Written by Arthur Scott Bailey
He was the smallest of seven children. At first his mother thought she would call him “Runty.” But she soon changed her mind about that; for she discovered that even if he was the runt of the family, he had the loudest grunt of all. So the good lady quickly slipped a G in front of the name “Runty.”
“There!” she exclaimed. “‘Grunty’ is a name that you ought to be proud of. It calls attention to your best point. And if you keep on making as much noise in the world as you do now, maybe people won’t notice that you’re a bit undersized. You certainly sound as big as any little piglet I ever saw or heard.”
So that was settled—though Grunty Pig didn’t care one way or another. He seemed to be interested in nothing but food. There is no doubt that he would have been willing to change his name a dozen times a day for the slight bribe of a drink of warm milk.
His mother sometimes said that he had the biggest appetite—as well as the loudest grunt—of all her seven children. And she was glad that he ate well, because food was the very thing that would make him grow.
“You won’t always be runty, Grunty, if you eat plenty,” Mrs. Pig often told him. And then he would grunt, as if to say, “You don’t need to urge me. Just give me a chance!”
Grunty Pig soon learned that being the smallest of the family had one sad drawback. His brothers and sisters (all bigger than him) could crowd him away from the feeding trough. And they not only could; but they often did. Unless Grunty reached the trough among the first, there was never a place left where he could squirm in. If he tried to eat at one end of the trough he was sure to be shouldered away and go hungry.
So whenever he did succeed in getting the first taste of a meal he took pains to plant himself in the exact middle of the trough. Then there would be three other youngsters on each side of him, all crowding towards him. And though he found it a bit hard to breathe under such a squeezing, at least he got his share of the food.

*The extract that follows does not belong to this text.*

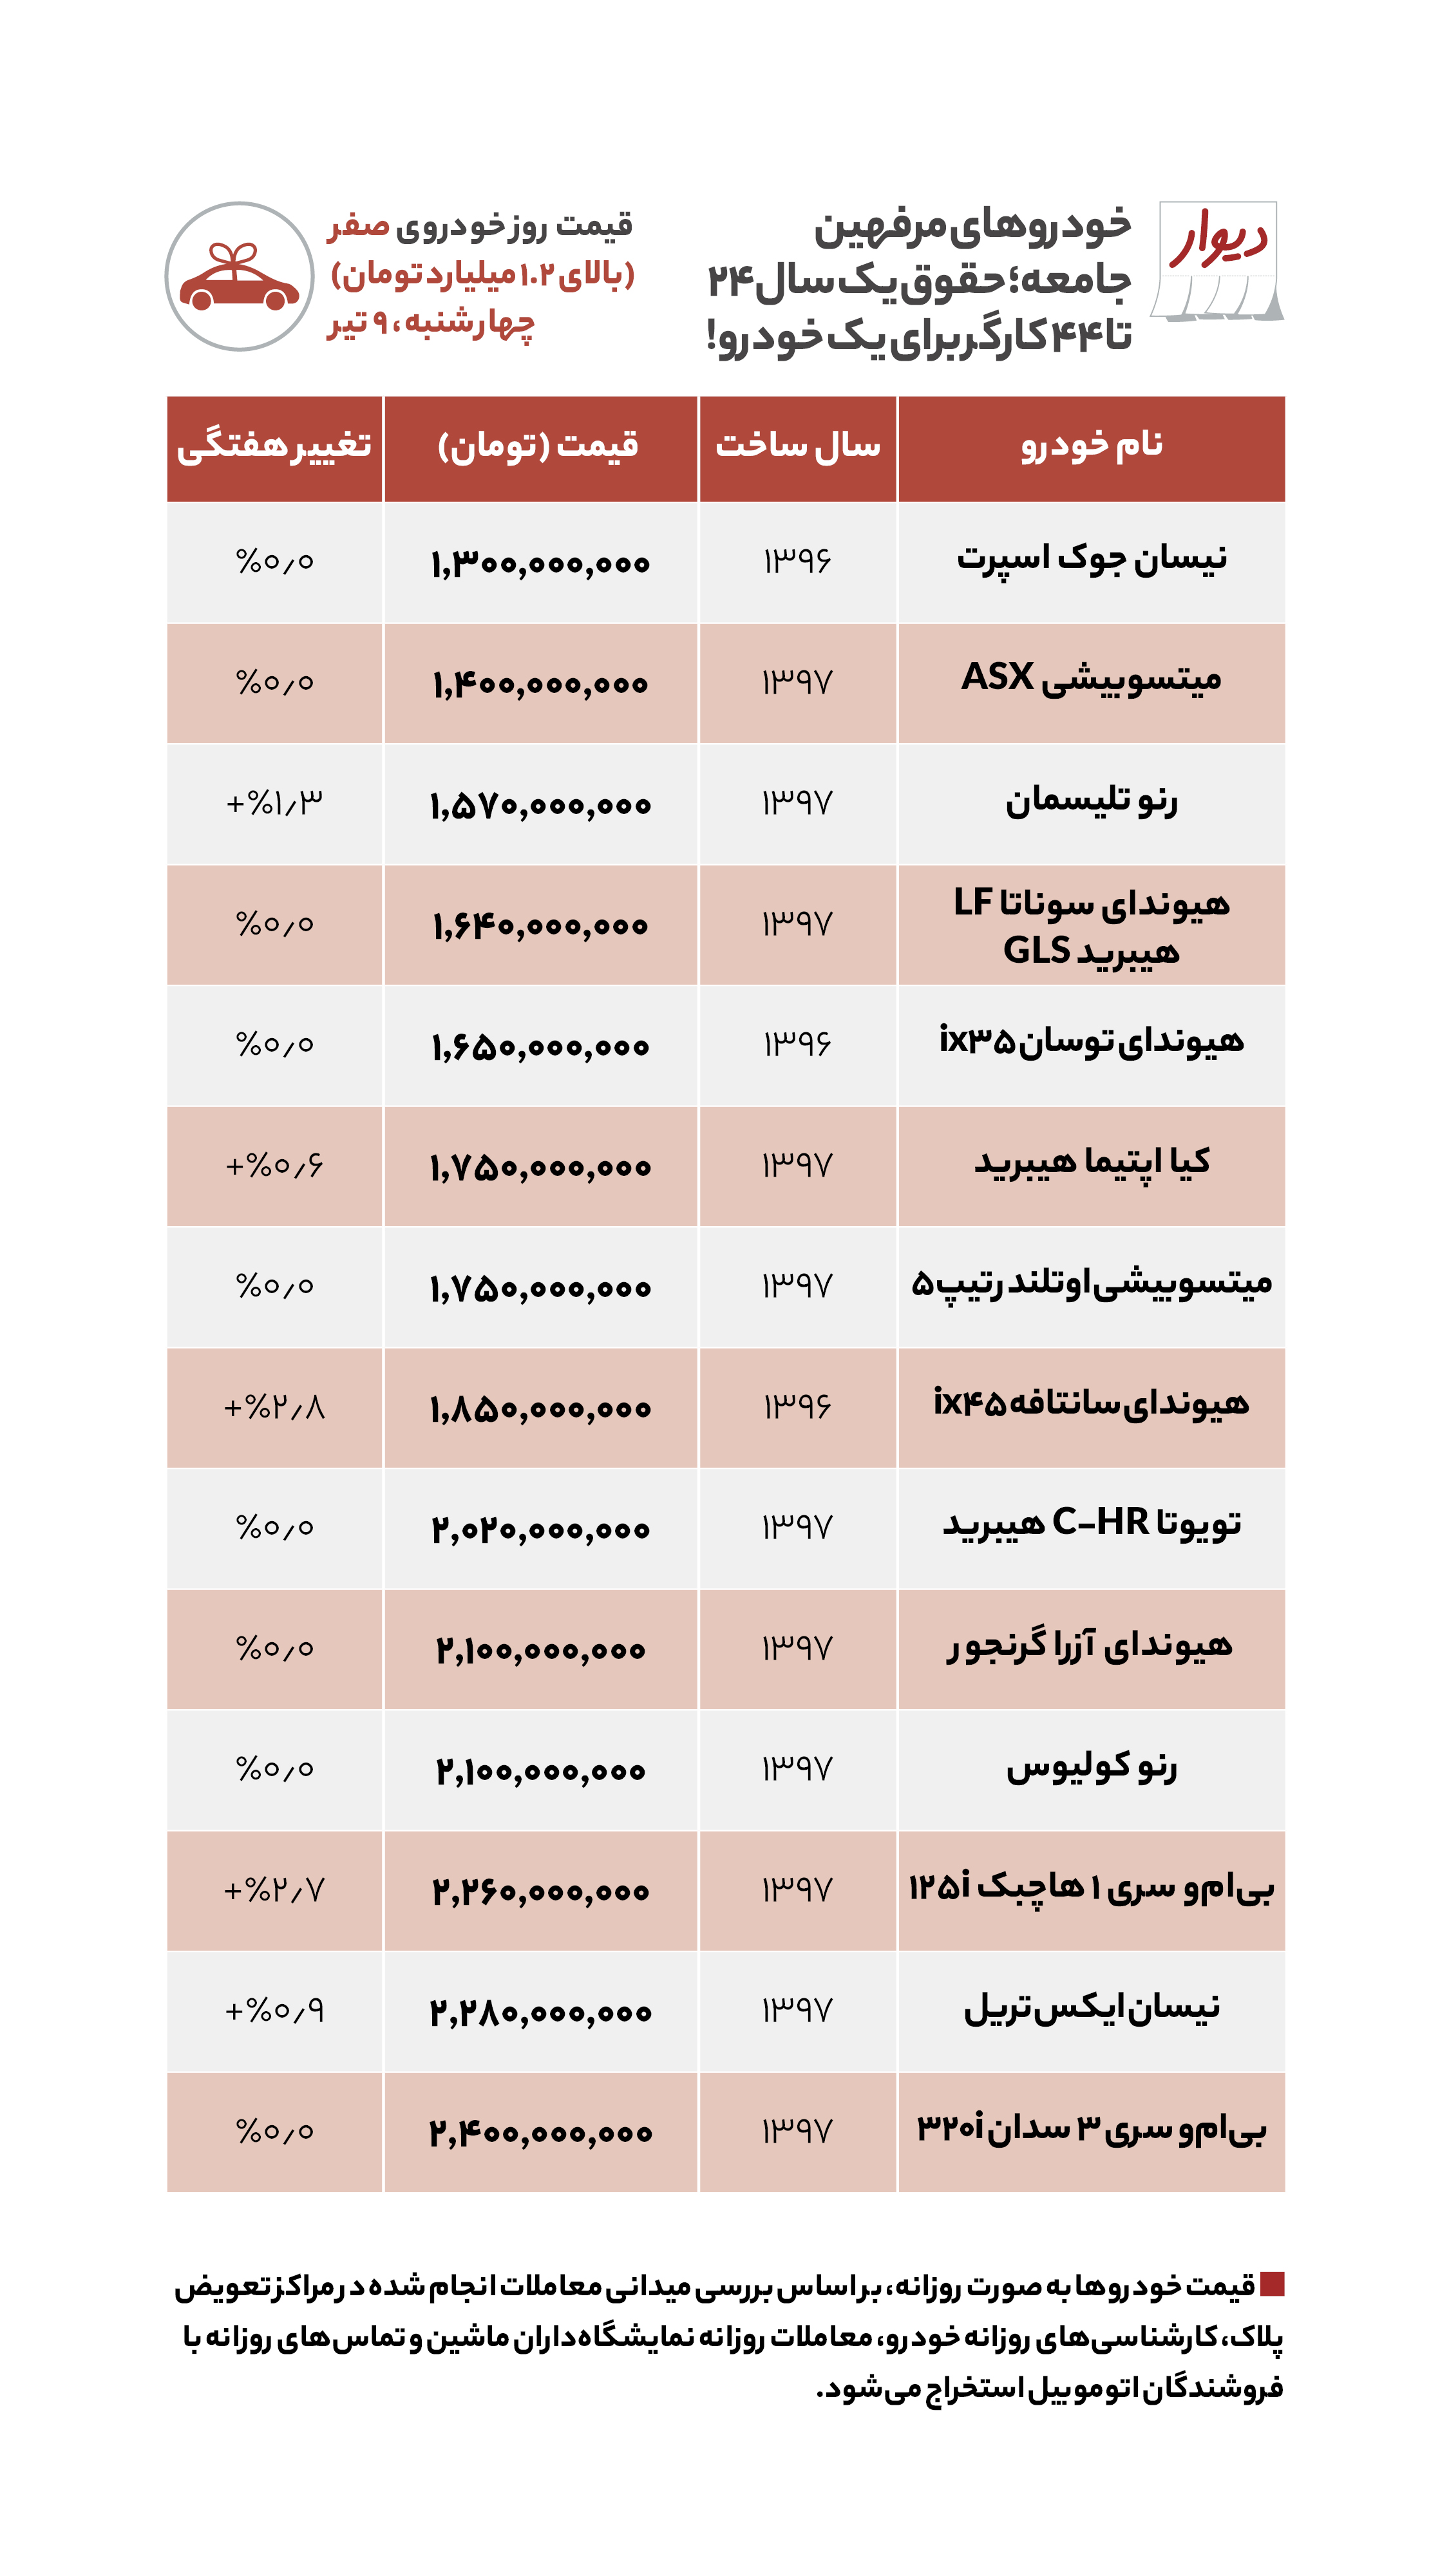 مقایسه قیمت مسکن در جنوب و مرکز تهران

Poor Mrs. Pig! Her children had frightful manners. Though she talked and talked to them about not crowding, and about eating slowly, and about eating noiselessly, the moment their food was poured into their trough they forgot everything their mother had said.
That is, all but Grunty Pig! If he happened to be left out in the cold, so to speak, and had to stand and look on while his brothers and sister stuffed themselves, he couldn’t help remembering his mother’s remarks about manners.
“It’s awful to watch them!” he would gurgle. “I don’t see how they can be so rude.” He thought there was no sadder sight than his six brothers and sisters jostling one another over their food, while he couldn’t find a place to push in among them.
One thing, especially, distressed Mrs. Pig. Her children would put their front feet right into the trough when they ate their meals out of it. Nothing she said to them made the slightest difference. Even when she told them that they were little pigs they didn’t seem to care.
“We’re all bigger than Grunty is,” said one of her sons—a bouncing black youngster who was the most unruly of the litter.
“You’re all greedy,” Mrs. Pig replied. “Do try to restrain yourselves when you eat. Remember—there’s plenty of time.”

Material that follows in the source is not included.